Pictures are to be excluded. Please print only the lines from the one containing "Rewiring_the_Brain_Infographic.jpg" through the end of the data, exactly as they appear.

→ Data provided
------
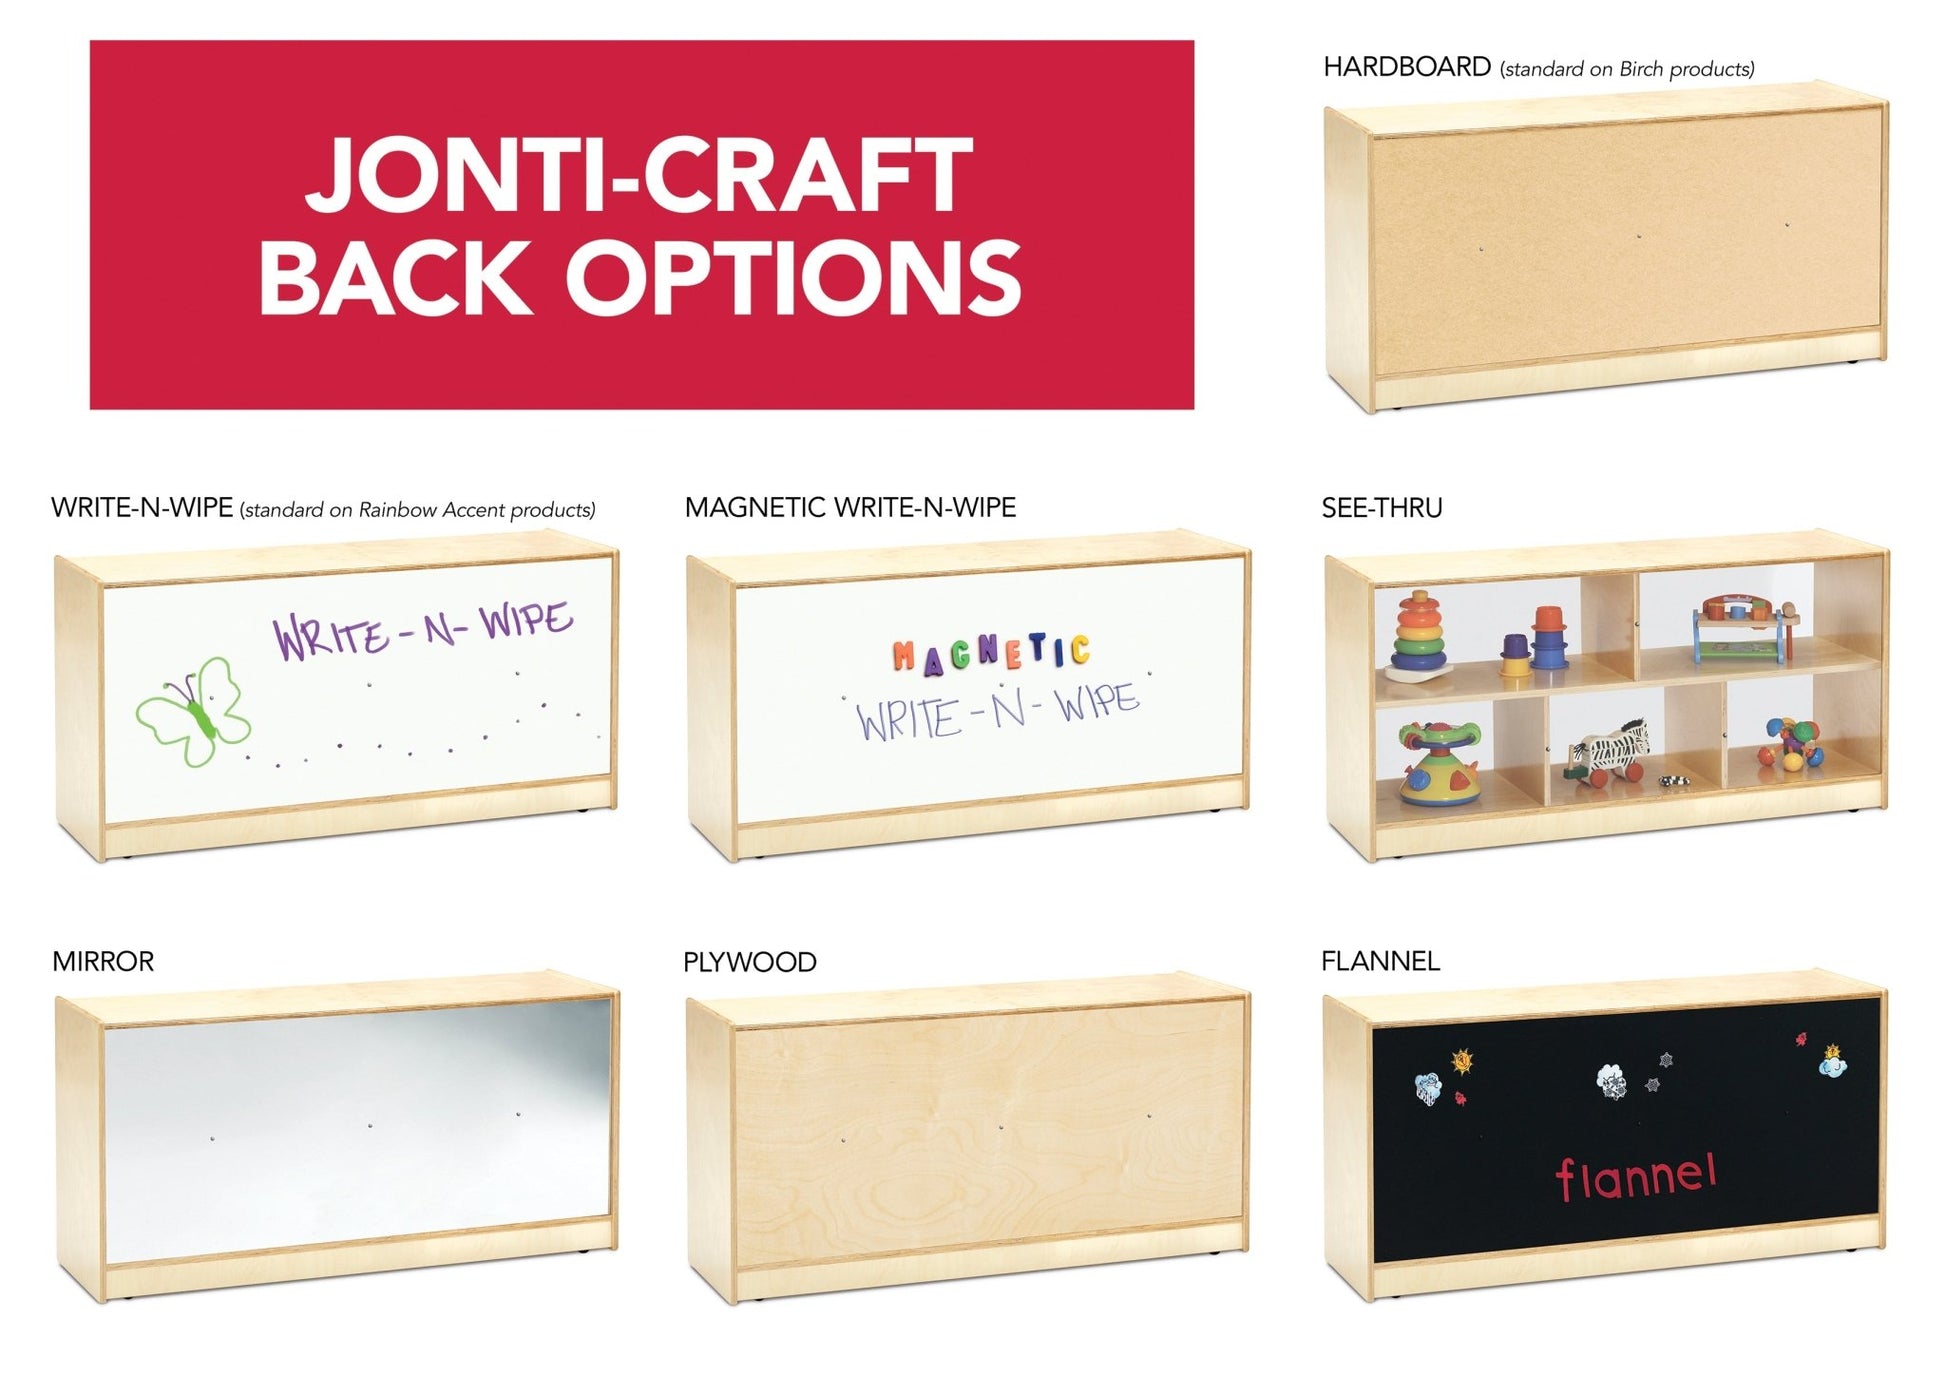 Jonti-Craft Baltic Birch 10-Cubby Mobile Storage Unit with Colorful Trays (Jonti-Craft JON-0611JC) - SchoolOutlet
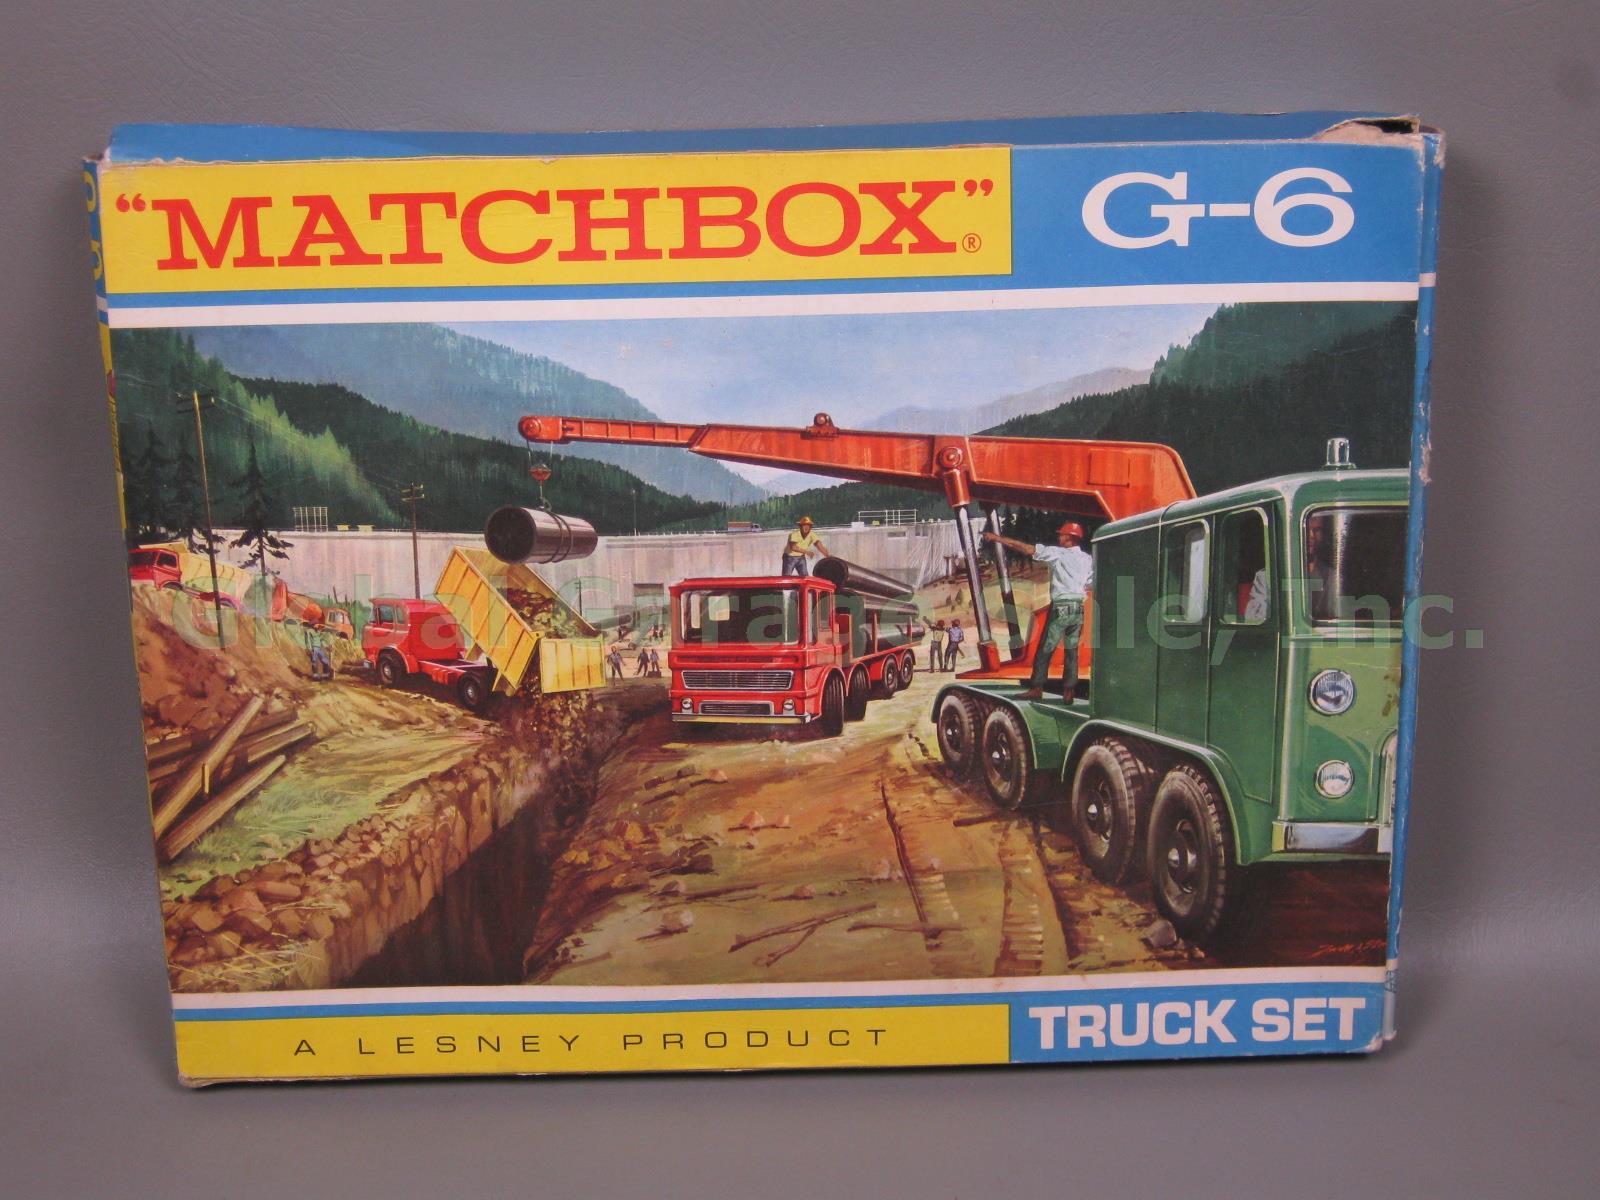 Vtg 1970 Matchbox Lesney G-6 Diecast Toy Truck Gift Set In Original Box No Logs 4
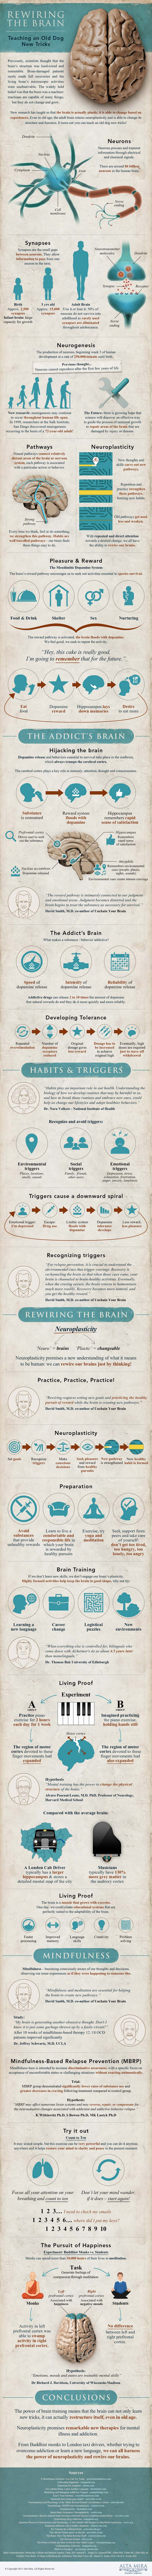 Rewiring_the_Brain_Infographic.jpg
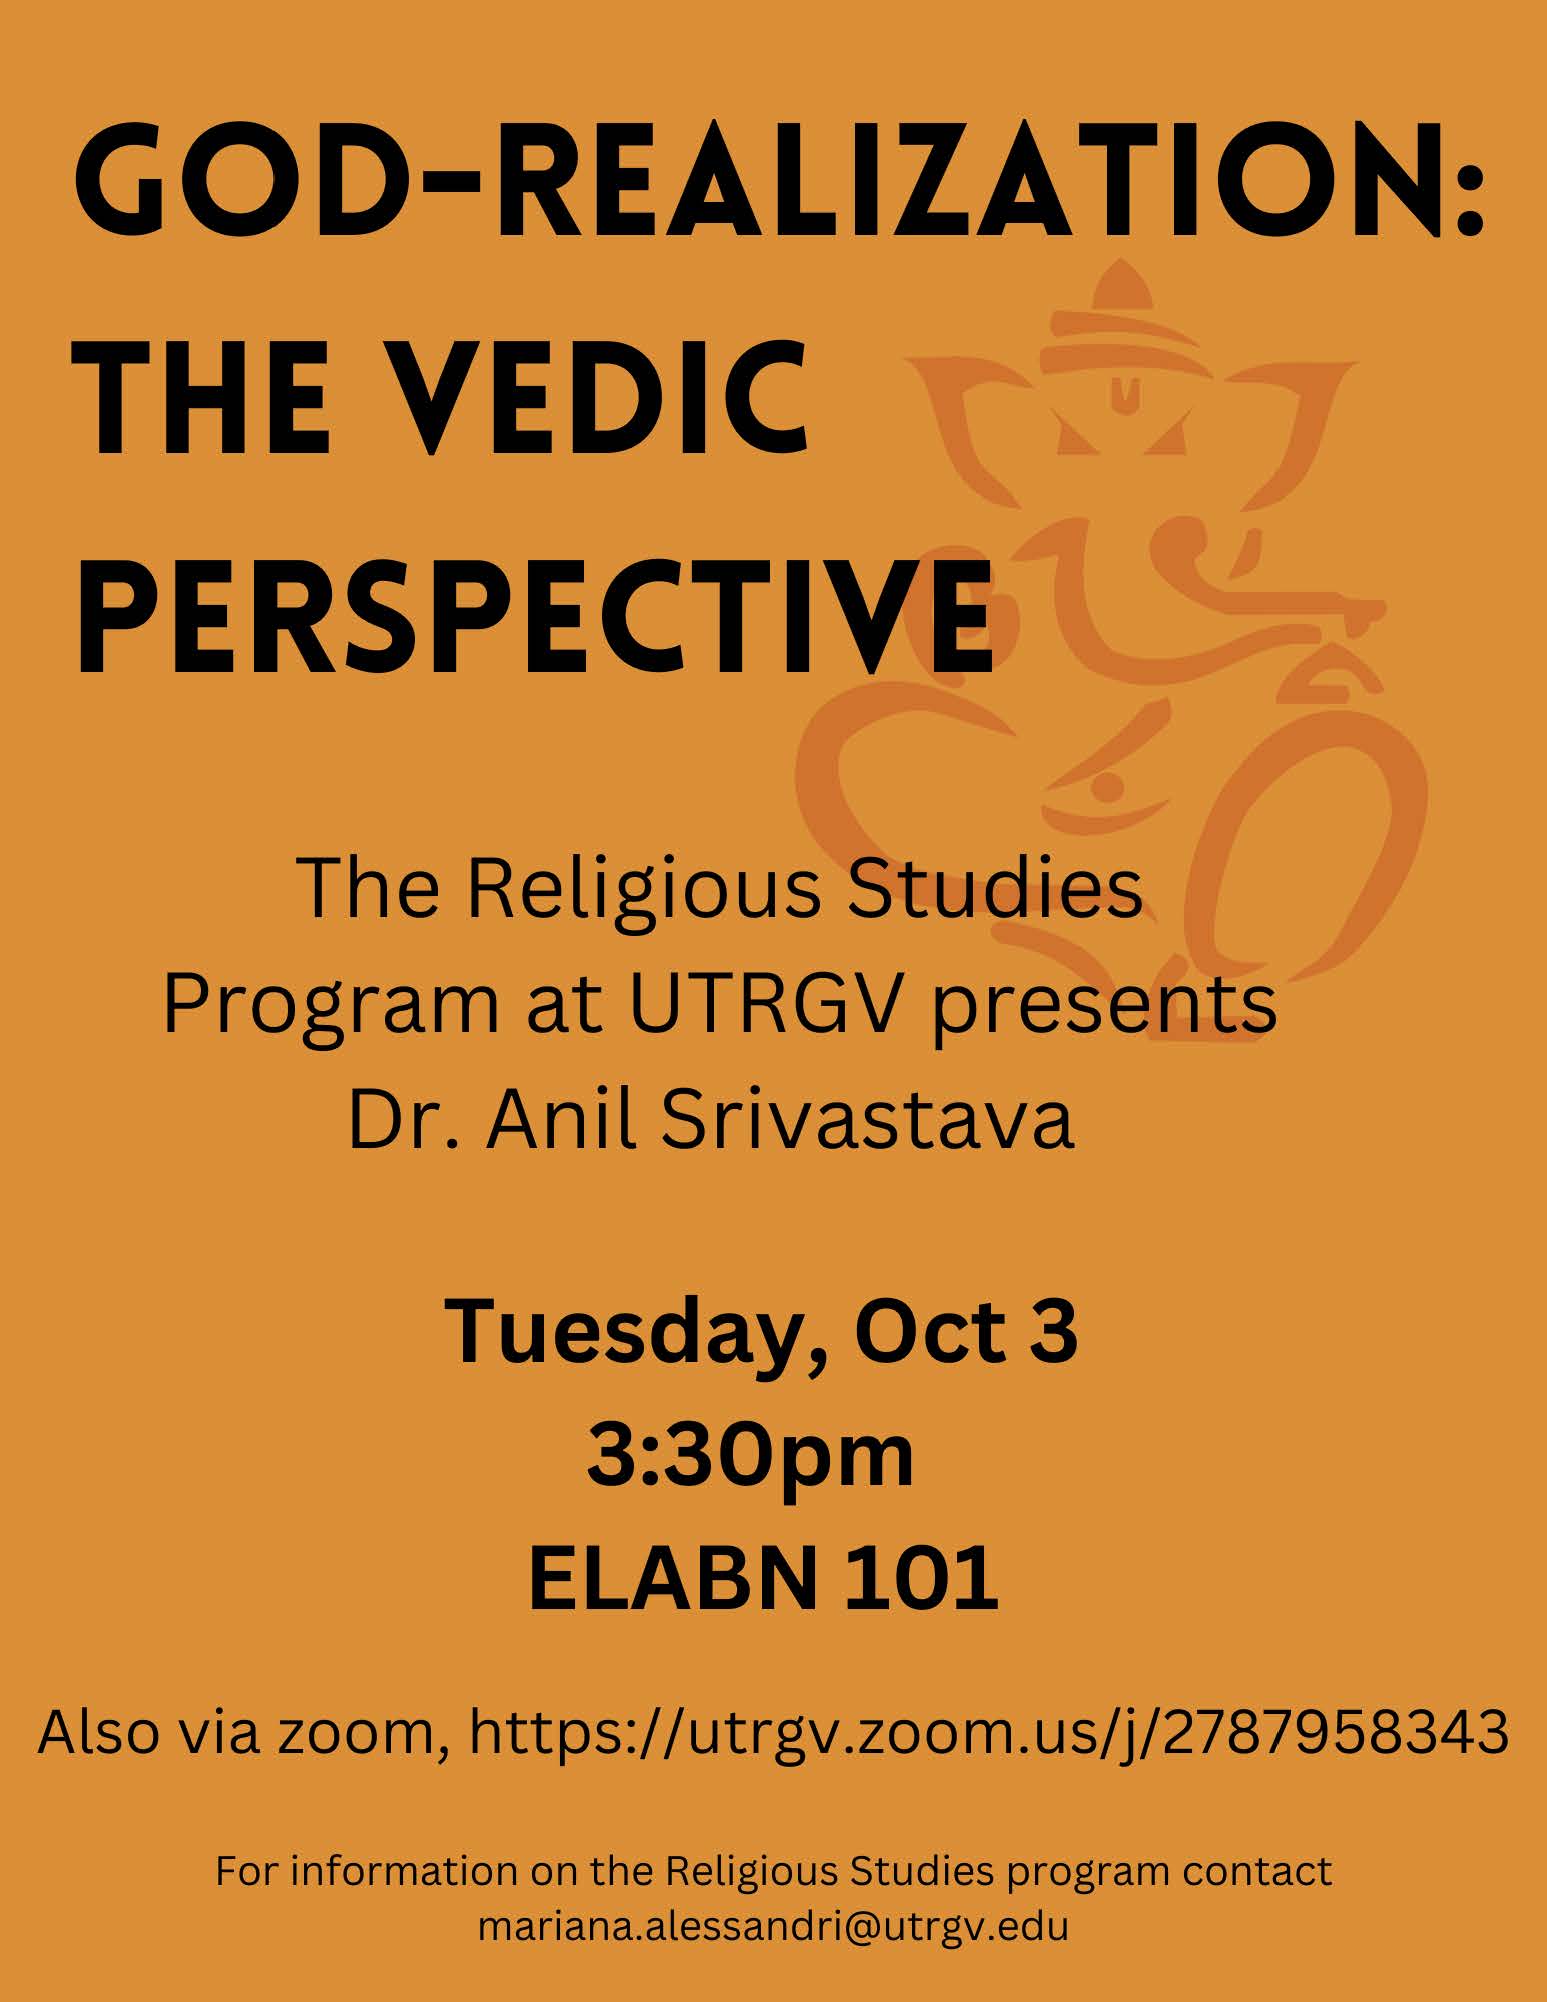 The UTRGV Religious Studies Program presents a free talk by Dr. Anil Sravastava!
------
→ Answer space
 Rewiring_the_Brain_Infographic.jpg
 The UTRGV Religious Studies Program presents a free talk by Dr. Anil Sravastava!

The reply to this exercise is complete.